By Christopher Beauchamp, chief market analyst at IG.

The arrival of Tesco’s first half numbers today means that we can take a clear look at the two listed firms that dominate the supermarket space in the UK (apologies to fans of Morrisons and Ocado, but the real battle is all about Sainsbury vs Tesco).

The orange-branded supermarket saw sales fall 1.1% in its second quarter, which was a deterioration from the 0.8% drop in its first quarter.

Sainsbury's clothing sales were also weaker, while the only real bright spot was the jump in like-for-like sales at new acquisition Argos, which rose 2.3% compared to a rise of 0.1% in the first quarter.

Tesco, by contrast, seemed to have nothing but good news, at least where sales were concerned: the group reported a third consecutive quarter of sales growth, up 1.1%, while operating profit jumped 38% to £515m.

The fly in the ointment was the ballooning pension deficit, which grew to £5.9bn, a rise of nearly 100%, thanks to lower bond yields.

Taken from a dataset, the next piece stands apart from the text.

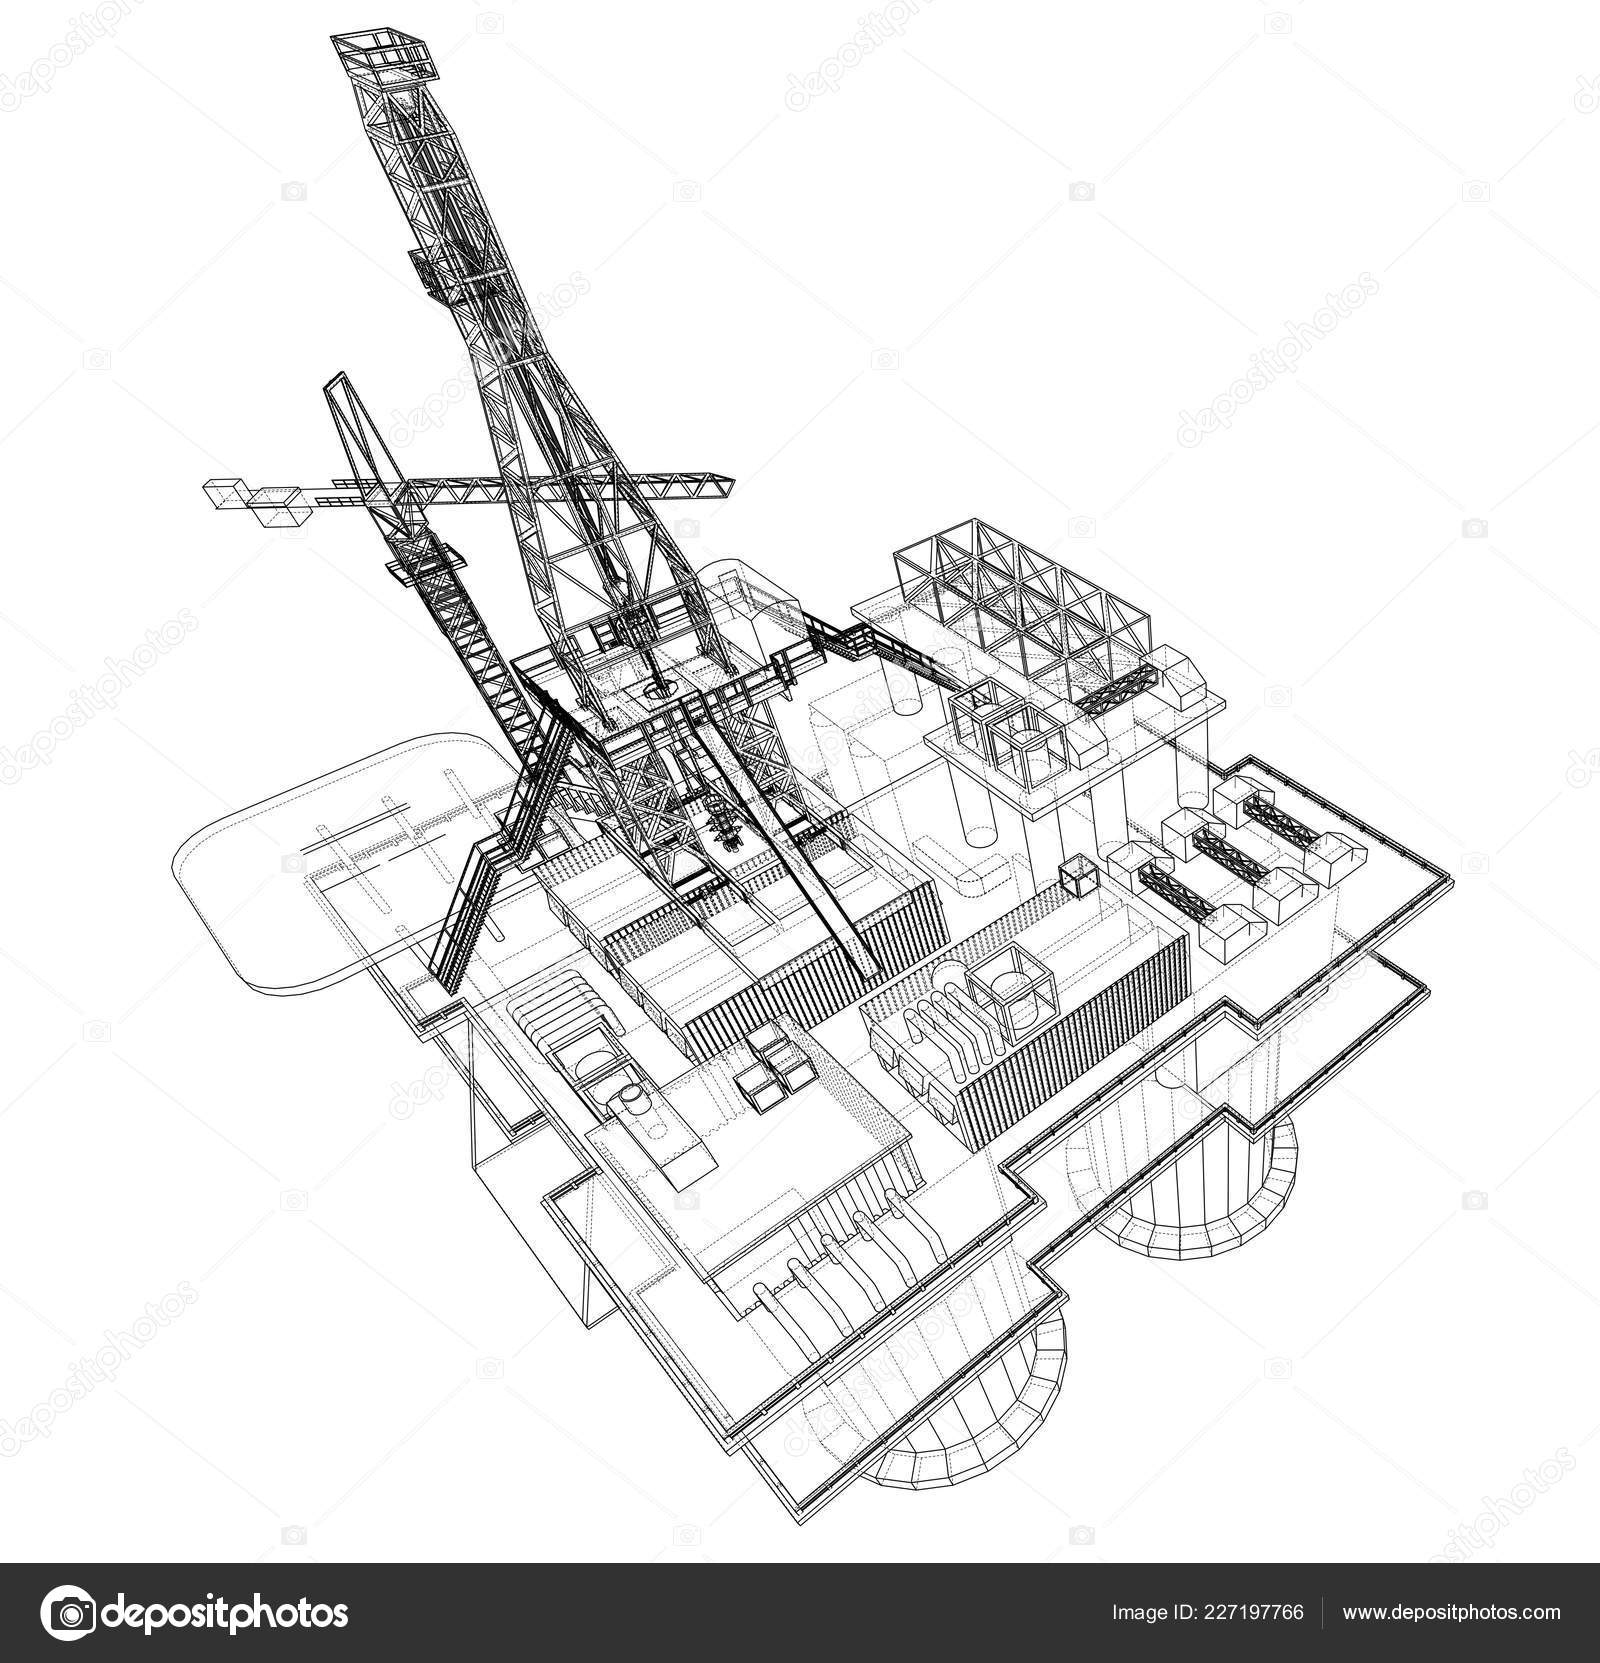 Offs oil rig drilling platform concept. Vector — Stock ... Ocean Drilling Rig Schematic Diagram on

Tesco has promised to work to boost margins, and the trend looks encouraging, as operating margins rise from a low of below 1% in February of 2015 to their current level above 2%.

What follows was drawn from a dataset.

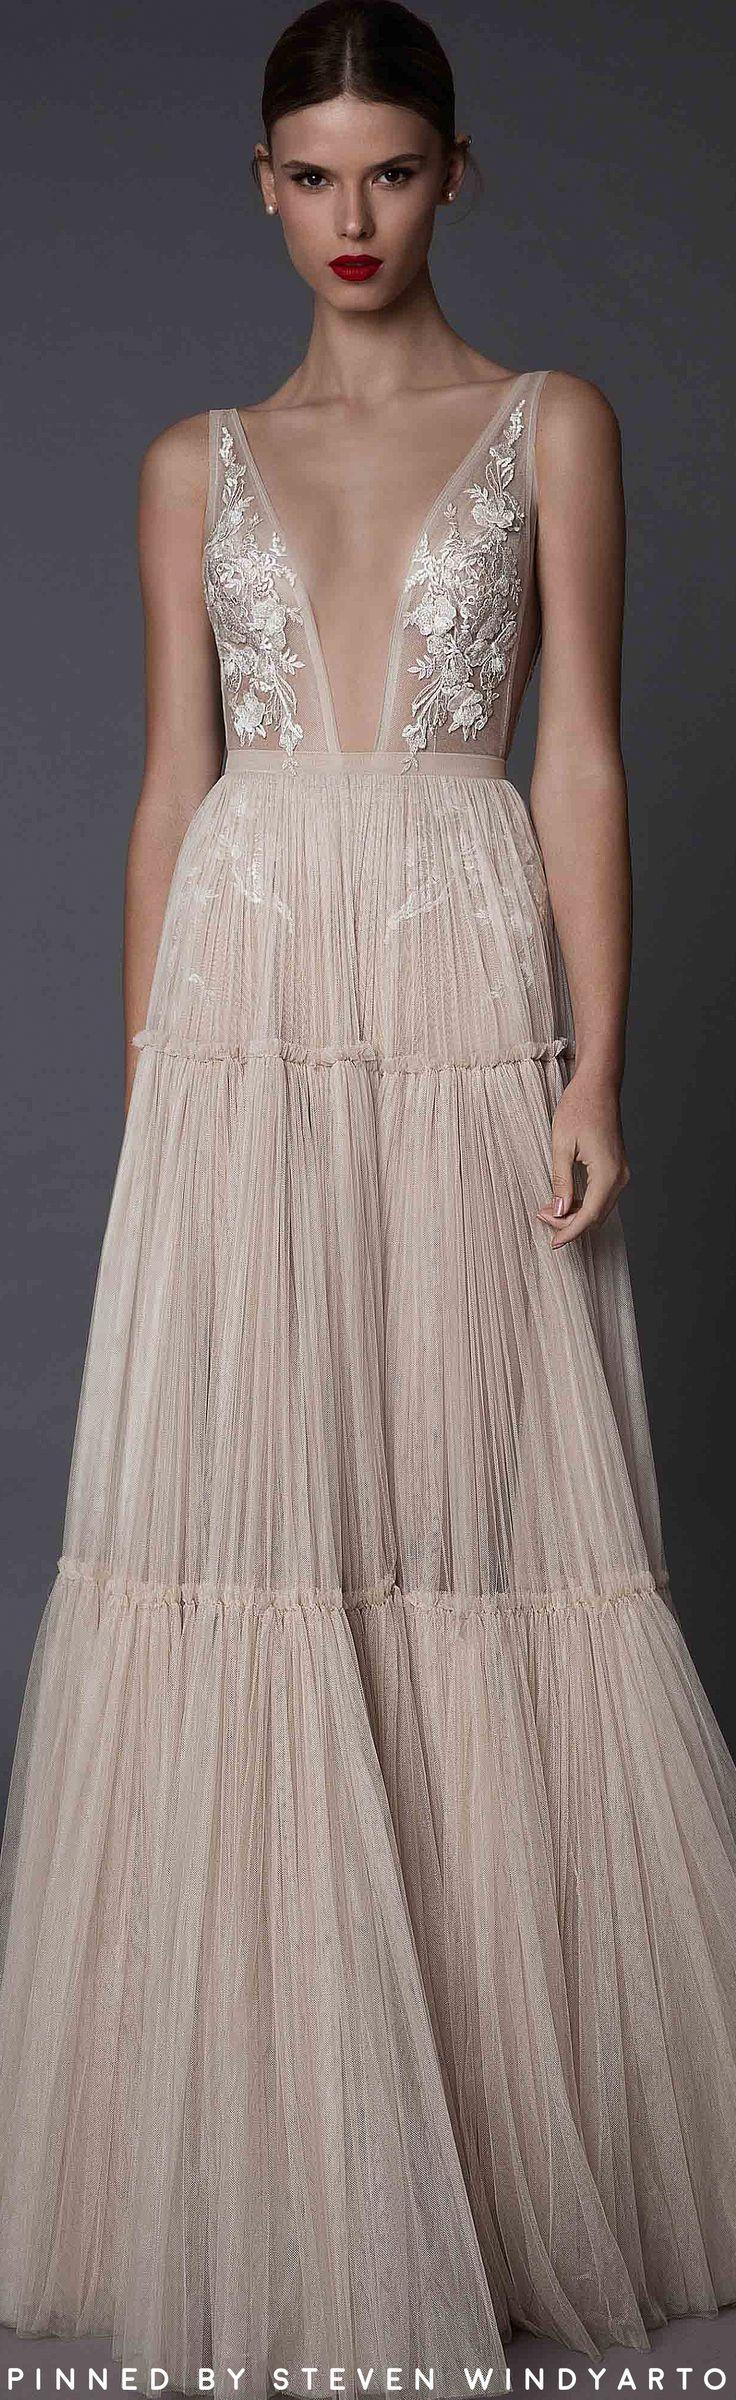 Berta Bridal Fall 2017 - Annabel Dress #weddingdress #fall2017 #fw17

However, there is still a lot of ground to be made up to get back to the targeted 3.5-4%, and even this would be disappointing compared to the margins seen in the heady days of 2011 and 2012.

The problem for investors right now is Tesco’s valuation. It currently trades on a forward p/e ratio of around 24, compared to 16.9 for the UK supermarket sector as a whole and against a Sainsbury’s p/e of 12.

Tesco’s current valuation is more than one standard deviation from the average, a level not seen since October 2015 and April 2016. Between 9 October and December 15 2015, the shares fell 26%, while they dropped 17% from mid-April 2016 to mid-June.

Tesco, having surged 11% on the release of interim numbers on Wednesday and a whopping 40% in the year-to-date, now looks decidedly expensive, with much of the good news baked into the price.

By contrast, Sainsbury’s is, at 12 times forward earnings, only a whisker above its long-term average of 11.6.

While this might not suggest boom times ahead, Sainsbury’s is not priced for disappointment, whereas Tesco most certainly is.

With Argos likely to make an increasing contribution, the fundamental case is much more supportive of Sainsbury’s than Tesco.

Momentum investors will probably stick with Tesco for the time being, but the value case for Sainsbury’s will appeal to many, while income hunters will be much more excited by the Sainsbury yield of 4.8% versus Tesco’s 3.6%.